● **Action item**
The data below holds the lines to copy: everything from the line containing "The BMW logo" to the line containing "Ein Bild von", both ends included, set down exactly.

● **Material shown**
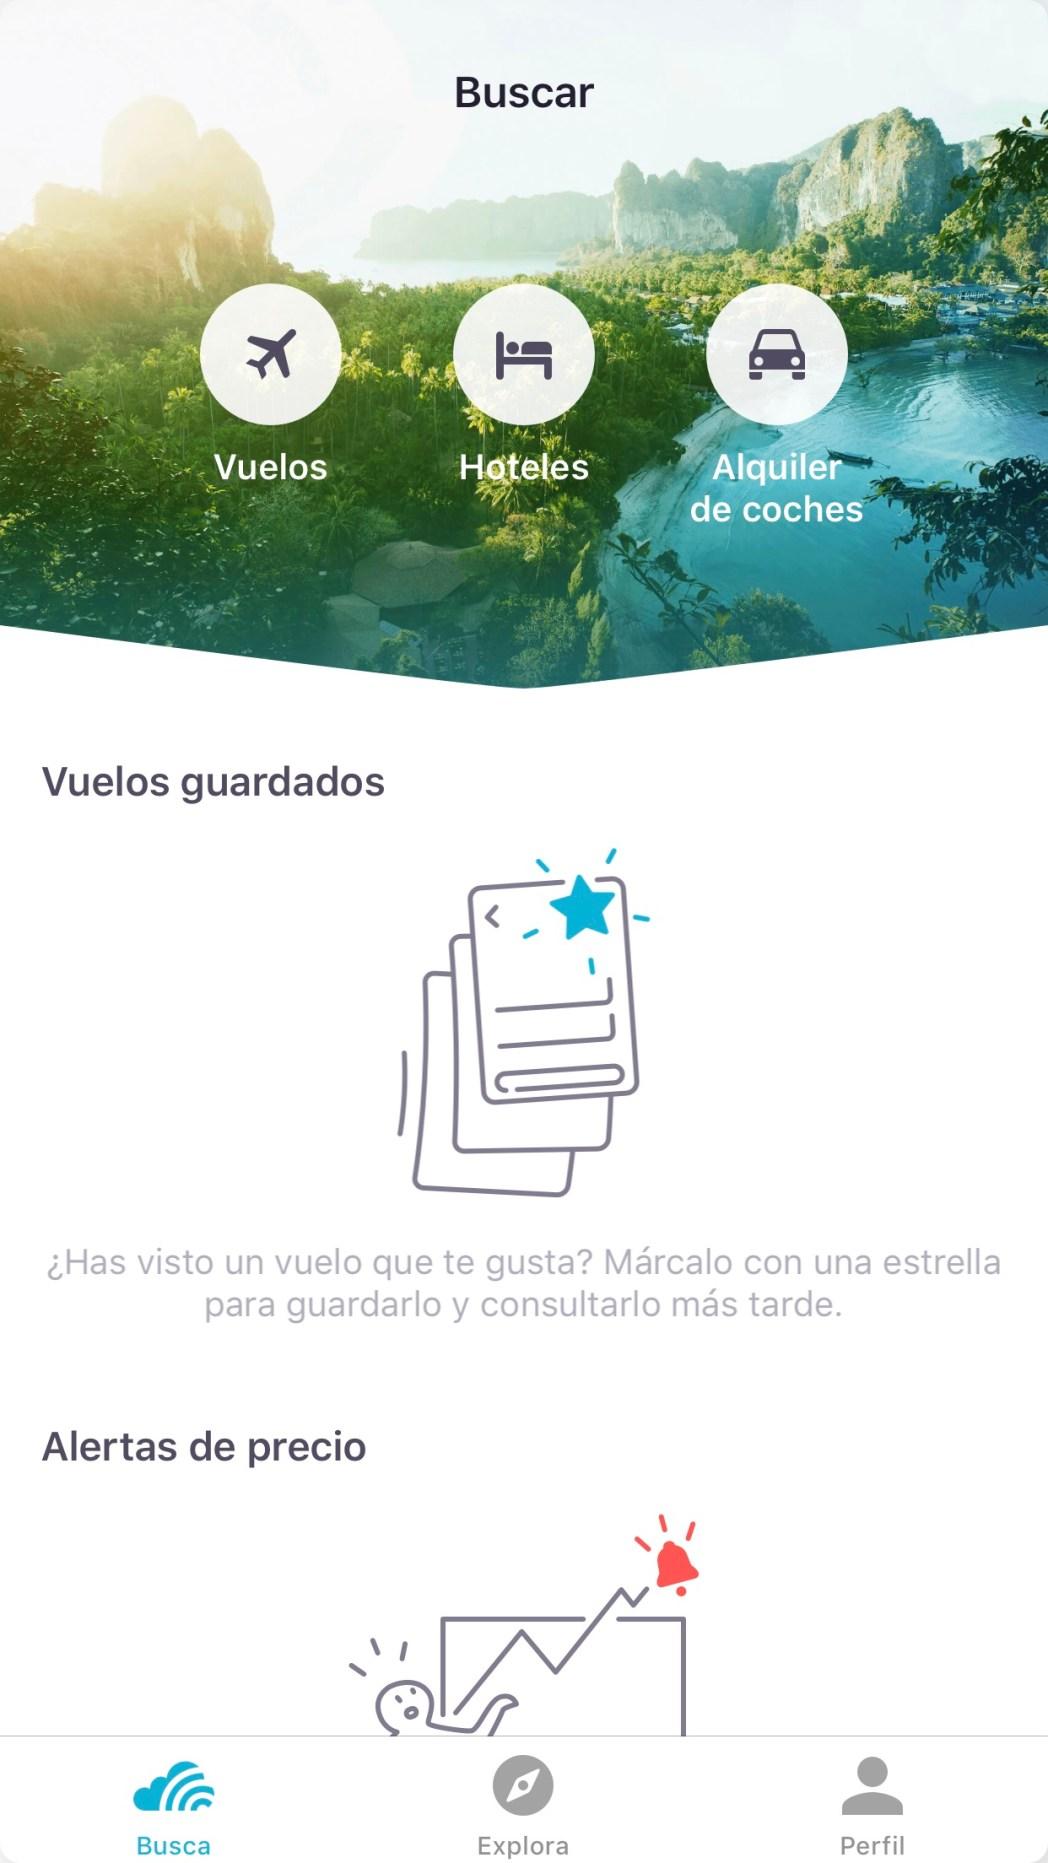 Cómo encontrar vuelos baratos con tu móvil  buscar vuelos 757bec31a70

...

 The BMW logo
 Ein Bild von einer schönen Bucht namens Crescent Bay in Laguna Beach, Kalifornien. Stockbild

==

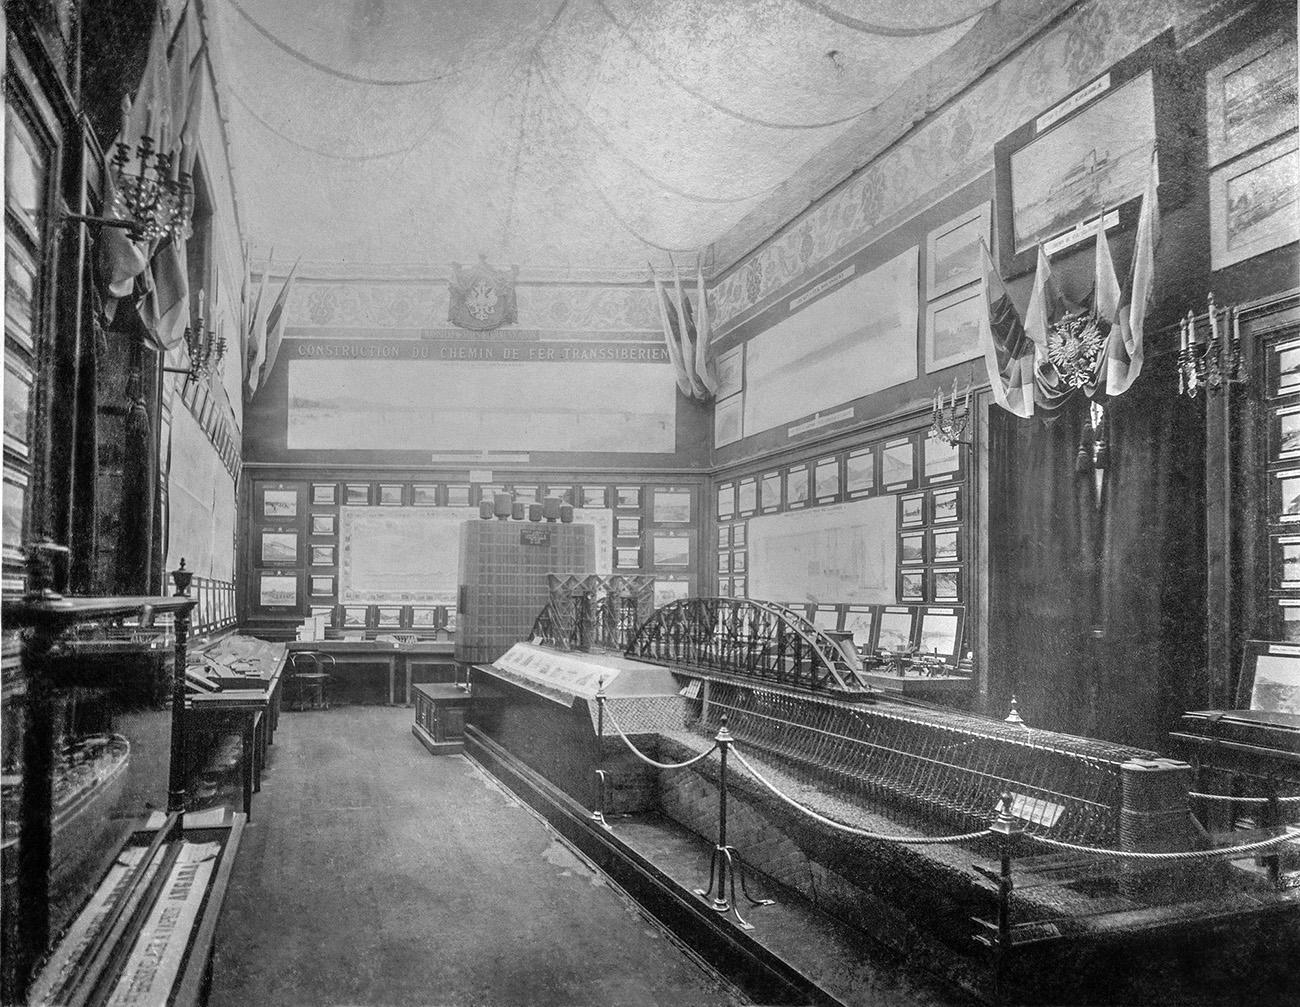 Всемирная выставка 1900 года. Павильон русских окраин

● **Solution to the exercise**
 The BMW logo
 Ein Bild von einer schönen Bucht namens Crescent Bay in Laguna Beach, Kalifornien. Stockbild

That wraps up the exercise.